Detectors for memory-related undefined behaviors in C/C++, while being imperfect, are at least something that smart people have spent a lot of time thinking about. Integer-related undefined behaviors have received much less attention, but then again they are a lot simpler than memory unsafety.
Today’s question is: What other checkers should we create? Here are a few. I’m not sure that any of these are really pressing problems in practice, but I think it would be far from useless to test important C/C++ codes under these tools. I’d be happy to hear suggestions for other tools that might be useful.
This discussion of undefined behavior checkers for Clang is useful.

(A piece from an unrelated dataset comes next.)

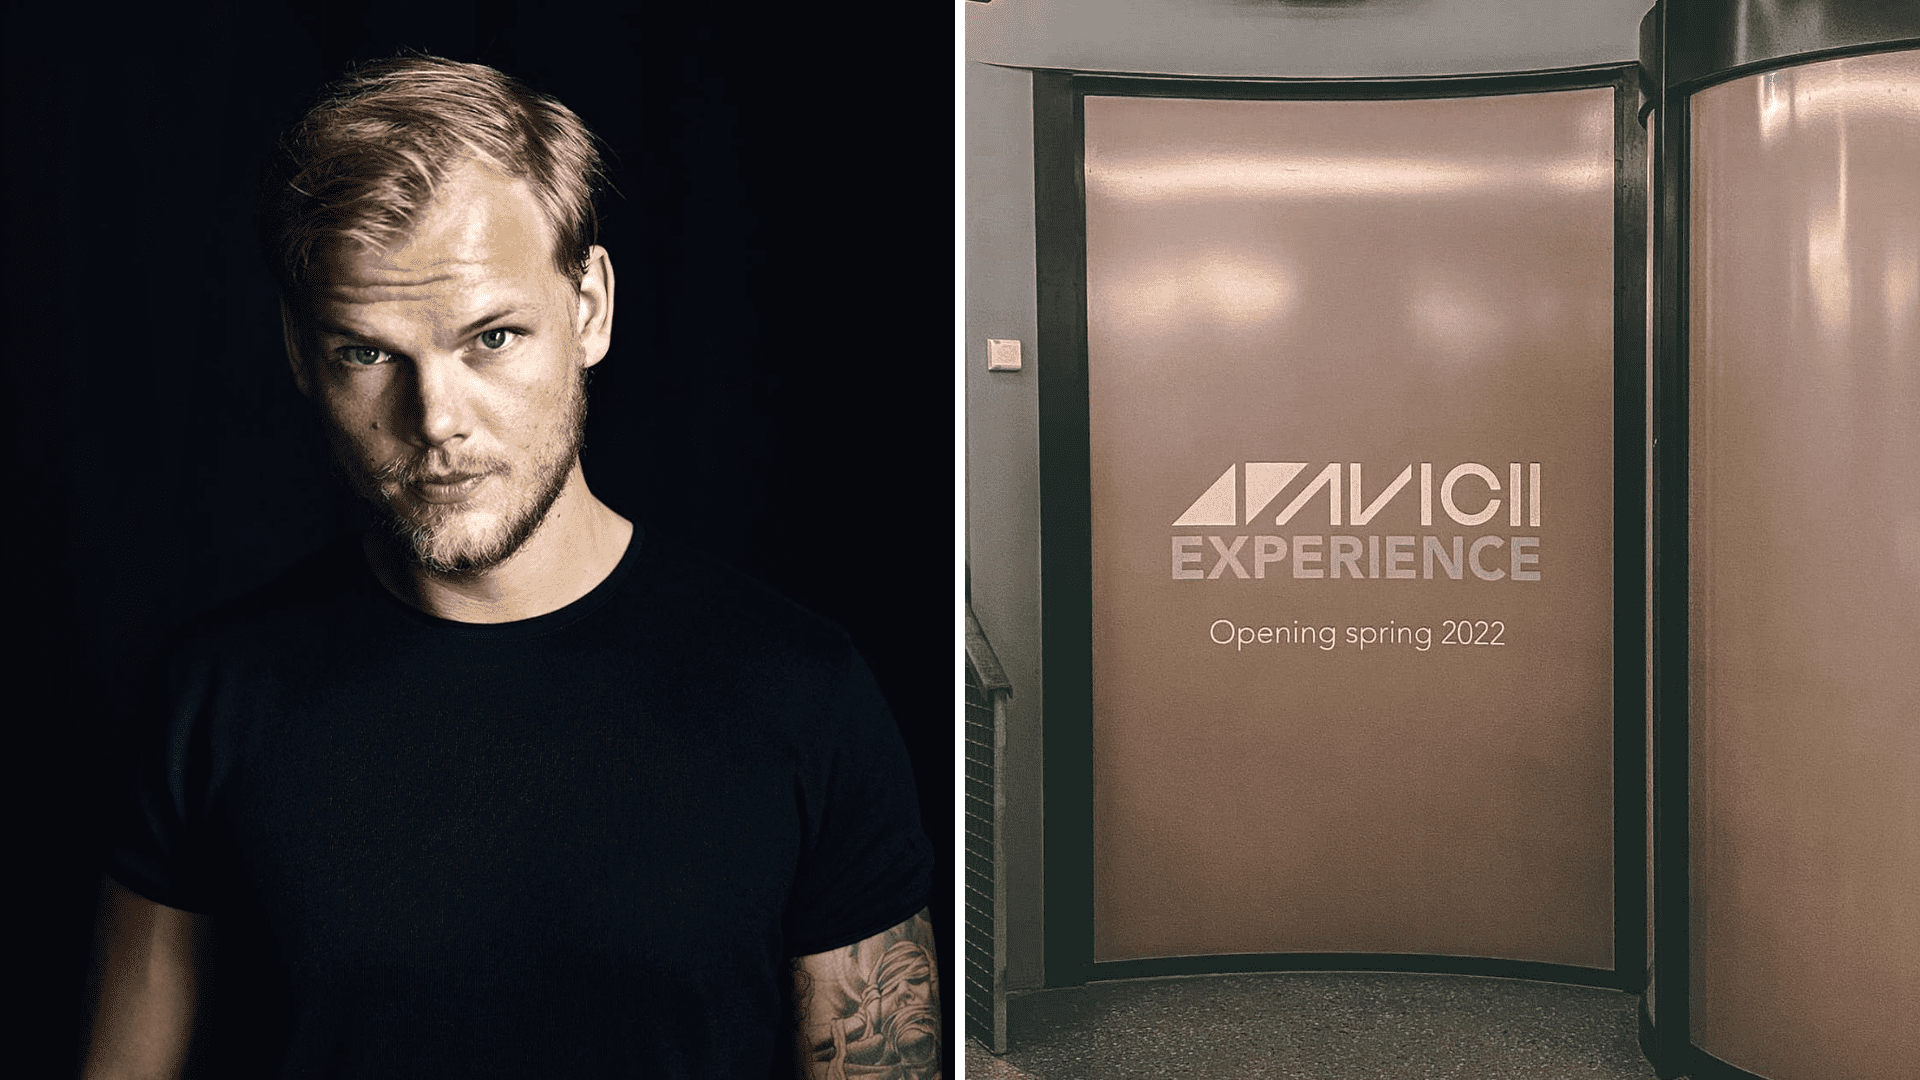 The Avicii Experience exhibition to open its doors in spring 2022, tickets to go on sale soon

Unspecified order of evaluation of arguments to a function
When you write something like f(g(),h()), the arguments can be evaluated in any order. This matters when the arguments perform I/O or when they modify overlapping state.
Writing a rigorous tool for dynamically finding programs whose behavior is sensitive to argument evaluation order would be difficult and its performance would likely be bad. In contrast, it would be simple to hack a compiler to randomize (either at compile time or at run time) the order in which arguments are evaluated, at which point we would simply look for test cases to fail when the option to do this is turned on.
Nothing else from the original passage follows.